In the listing below, a line holding "Pythagorean Triplets, Integral" and a line holding "Travel System Raincover" mark the range. Retype both exactly, with all lines between them.

··· DATA FOR ANALYSIS

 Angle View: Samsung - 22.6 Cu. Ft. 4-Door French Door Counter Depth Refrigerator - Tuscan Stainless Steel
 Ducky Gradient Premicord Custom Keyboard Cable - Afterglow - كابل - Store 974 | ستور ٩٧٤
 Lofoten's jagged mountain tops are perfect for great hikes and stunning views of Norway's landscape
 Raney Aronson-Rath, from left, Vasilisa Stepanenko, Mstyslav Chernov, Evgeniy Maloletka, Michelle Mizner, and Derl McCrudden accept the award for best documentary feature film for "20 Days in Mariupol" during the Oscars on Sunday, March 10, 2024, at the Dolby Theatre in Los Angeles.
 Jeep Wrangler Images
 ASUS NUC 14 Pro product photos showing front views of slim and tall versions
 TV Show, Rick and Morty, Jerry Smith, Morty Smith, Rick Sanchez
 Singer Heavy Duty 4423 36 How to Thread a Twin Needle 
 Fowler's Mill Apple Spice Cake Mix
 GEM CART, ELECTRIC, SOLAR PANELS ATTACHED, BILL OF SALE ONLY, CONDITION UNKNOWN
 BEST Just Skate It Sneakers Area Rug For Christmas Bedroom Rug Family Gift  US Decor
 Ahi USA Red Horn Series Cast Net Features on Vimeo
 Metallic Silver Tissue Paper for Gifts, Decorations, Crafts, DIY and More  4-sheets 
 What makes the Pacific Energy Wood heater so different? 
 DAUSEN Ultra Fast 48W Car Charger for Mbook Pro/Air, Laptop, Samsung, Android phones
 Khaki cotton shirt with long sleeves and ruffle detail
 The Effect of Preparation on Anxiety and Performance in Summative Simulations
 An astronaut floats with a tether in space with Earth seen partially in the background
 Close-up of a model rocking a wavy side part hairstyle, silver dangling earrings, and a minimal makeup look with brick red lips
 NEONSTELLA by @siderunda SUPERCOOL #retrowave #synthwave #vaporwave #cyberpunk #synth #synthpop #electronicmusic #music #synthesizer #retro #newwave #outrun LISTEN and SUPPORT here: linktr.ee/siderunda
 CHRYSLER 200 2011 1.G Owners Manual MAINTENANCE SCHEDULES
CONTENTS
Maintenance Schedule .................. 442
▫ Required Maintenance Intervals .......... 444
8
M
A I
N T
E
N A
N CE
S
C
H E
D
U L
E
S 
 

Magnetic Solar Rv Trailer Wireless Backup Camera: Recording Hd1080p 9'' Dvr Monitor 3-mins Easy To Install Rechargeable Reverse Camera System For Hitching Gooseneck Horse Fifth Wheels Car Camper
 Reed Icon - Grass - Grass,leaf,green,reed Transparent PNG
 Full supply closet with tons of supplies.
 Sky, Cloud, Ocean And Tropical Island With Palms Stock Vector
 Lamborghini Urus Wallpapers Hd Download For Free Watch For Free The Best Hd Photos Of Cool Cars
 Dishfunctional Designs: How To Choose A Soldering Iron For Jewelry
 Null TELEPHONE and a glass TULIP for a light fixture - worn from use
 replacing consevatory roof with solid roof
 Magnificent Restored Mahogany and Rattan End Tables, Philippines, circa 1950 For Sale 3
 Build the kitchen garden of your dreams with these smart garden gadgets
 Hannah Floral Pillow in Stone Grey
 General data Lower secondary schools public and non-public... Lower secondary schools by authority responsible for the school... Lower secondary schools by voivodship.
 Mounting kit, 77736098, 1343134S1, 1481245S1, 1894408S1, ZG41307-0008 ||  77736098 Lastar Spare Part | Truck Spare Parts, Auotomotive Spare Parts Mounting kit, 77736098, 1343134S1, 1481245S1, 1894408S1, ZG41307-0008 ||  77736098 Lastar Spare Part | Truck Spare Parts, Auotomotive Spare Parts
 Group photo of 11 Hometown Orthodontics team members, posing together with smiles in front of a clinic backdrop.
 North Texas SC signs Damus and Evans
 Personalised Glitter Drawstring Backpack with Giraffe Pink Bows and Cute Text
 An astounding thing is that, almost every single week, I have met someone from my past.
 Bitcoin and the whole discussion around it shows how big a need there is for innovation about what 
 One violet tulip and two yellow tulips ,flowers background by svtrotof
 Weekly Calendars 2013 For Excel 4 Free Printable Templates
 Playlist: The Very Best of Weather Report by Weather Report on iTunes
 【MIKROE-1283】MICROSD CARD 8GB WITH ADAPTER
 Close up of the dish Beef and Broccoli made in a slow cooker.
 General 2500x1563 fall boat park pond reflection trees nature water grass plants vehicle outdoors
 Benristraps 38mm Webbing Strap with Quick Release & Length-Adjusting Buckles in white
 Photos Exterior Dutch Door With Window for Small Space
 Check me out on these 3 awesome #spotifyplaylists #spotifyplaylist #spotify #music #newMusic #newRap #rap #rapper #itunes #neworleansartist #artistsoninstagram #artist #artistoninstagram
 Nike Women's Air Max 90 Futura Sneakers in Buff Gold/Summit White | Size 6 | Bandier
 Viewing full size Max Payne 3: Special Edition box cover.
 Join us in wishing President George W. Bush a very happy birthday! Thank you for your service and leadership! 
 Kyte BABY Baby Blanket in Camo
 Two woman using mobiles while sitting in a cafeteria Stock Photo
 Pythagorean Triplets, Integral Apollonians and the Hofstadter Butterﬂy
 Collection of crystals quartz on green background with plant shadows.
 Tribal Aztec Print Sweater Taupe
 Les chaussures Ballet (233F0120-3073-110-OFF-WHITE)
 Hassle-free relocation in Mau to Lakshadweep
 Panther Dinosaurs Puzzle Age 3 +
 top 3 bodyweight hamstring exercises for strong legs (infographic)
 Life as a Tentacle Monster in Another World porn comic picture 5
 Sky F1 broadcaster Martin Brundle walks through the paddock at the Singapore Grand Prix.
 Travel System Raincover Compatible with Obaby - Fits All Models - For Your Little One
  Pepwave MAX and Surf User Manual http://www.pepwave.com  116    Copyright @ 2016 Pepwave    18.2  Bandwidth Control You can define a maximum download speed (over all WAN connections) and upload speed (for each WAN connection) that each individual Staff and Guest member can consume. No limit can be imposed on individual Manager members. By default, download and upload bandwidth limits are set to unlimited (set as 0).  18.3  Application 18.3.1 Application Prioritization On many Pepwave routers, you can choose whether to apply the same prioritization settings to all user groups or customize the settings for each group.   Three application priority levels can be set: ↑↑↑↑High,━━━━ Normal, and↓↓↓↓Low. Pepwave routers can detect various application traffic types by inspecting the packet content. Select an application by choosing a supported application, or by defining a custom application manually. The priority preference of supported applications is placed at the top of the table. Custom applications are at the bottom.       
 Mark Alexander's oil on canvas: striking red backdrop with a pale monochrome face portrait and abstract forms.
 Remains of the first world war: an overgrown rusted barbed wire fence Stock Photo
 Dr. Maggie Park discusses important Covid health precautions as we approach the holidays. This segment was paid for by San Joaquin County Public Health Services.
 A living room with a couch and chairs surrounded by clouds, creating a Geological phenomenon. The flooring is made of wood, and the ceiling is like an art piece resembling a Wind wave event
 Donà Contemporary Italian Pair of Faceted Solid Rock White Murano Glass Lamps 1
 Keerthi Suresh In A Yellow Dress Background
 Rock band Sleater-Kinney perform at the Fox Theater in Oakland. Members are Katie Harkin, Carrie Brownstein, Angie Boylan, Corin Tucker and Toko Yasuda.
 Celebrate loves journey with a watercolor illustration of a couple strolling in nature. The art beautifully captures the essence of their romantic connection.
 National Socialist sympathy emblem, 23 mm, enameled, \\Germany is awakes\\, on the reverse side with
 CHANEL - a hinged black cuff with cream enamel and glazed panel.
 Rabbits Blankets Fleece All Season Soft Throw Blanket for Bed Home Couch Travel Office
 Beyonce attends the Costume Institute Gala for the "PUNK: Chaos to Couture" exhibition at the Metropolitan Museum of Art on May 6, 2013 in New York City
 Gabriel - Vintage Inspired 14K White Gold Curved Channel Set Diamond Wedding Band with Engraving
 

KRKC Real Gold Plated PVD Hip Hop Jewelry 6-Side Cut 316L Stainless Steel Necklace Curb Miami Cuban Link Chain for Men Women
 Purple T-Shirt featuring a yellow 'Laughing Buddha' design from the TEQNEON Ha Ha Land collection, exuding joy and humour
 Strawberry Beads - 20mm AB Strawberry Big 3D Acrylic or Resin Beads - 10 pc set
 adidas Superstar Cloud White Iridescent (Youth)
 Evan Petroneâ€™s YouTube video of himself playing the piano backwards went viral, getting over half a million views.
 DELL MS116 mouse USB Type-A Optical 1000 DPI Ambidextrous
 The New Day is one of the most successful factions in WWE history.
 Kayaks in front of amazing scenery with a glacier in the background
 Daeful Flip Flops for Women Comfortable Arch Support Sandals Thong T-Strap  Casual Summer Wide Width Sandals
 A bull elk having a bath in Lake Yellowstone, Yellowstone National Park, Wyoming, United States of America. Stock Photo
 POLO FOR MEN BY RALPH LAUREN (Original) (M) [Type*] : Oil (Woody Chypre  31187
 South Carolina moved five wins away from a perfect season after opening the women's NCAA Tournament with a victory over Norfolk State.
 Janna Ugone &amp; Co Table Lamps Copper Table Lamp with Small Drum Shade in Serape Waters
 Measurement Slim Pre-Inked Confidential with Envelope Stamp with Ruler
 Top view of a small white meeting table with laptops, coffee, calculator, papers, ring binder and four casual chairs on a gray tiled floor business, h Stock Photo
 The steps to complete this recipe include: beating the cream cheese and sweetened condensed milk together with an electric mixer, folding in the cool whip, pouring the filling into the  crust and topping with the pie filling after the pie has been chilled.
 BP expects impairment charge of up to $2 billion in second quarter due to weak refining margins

······

■ **FINISHED EXERCISE**
 Pythagorean Triplets, Integral Apollonians and the Hofstadter Butterﬂy
 Collection of crystals quartz on green background with plant shadows.
 Tribal Aztec Print Sweater Taupe
 Les chaussures Ballet (233F0120-3073-110-OFF-WHITE)
 Hassle-free relocation in Mau to Lakshadweep
 Panther Dinosaurs Puzzle Age 3 +
 top 3 bodyweight hamstring exercises for strong legs (infographic)
 Life as a Tentacle Monster in Another World porn comic picture 5
 Sky F1 broadcaster Martin Brundle walks through the paddock at the Singapore Grand Prix.
 Travel System Raincover Compatible with Obaby - Fits All Models - For Your Little One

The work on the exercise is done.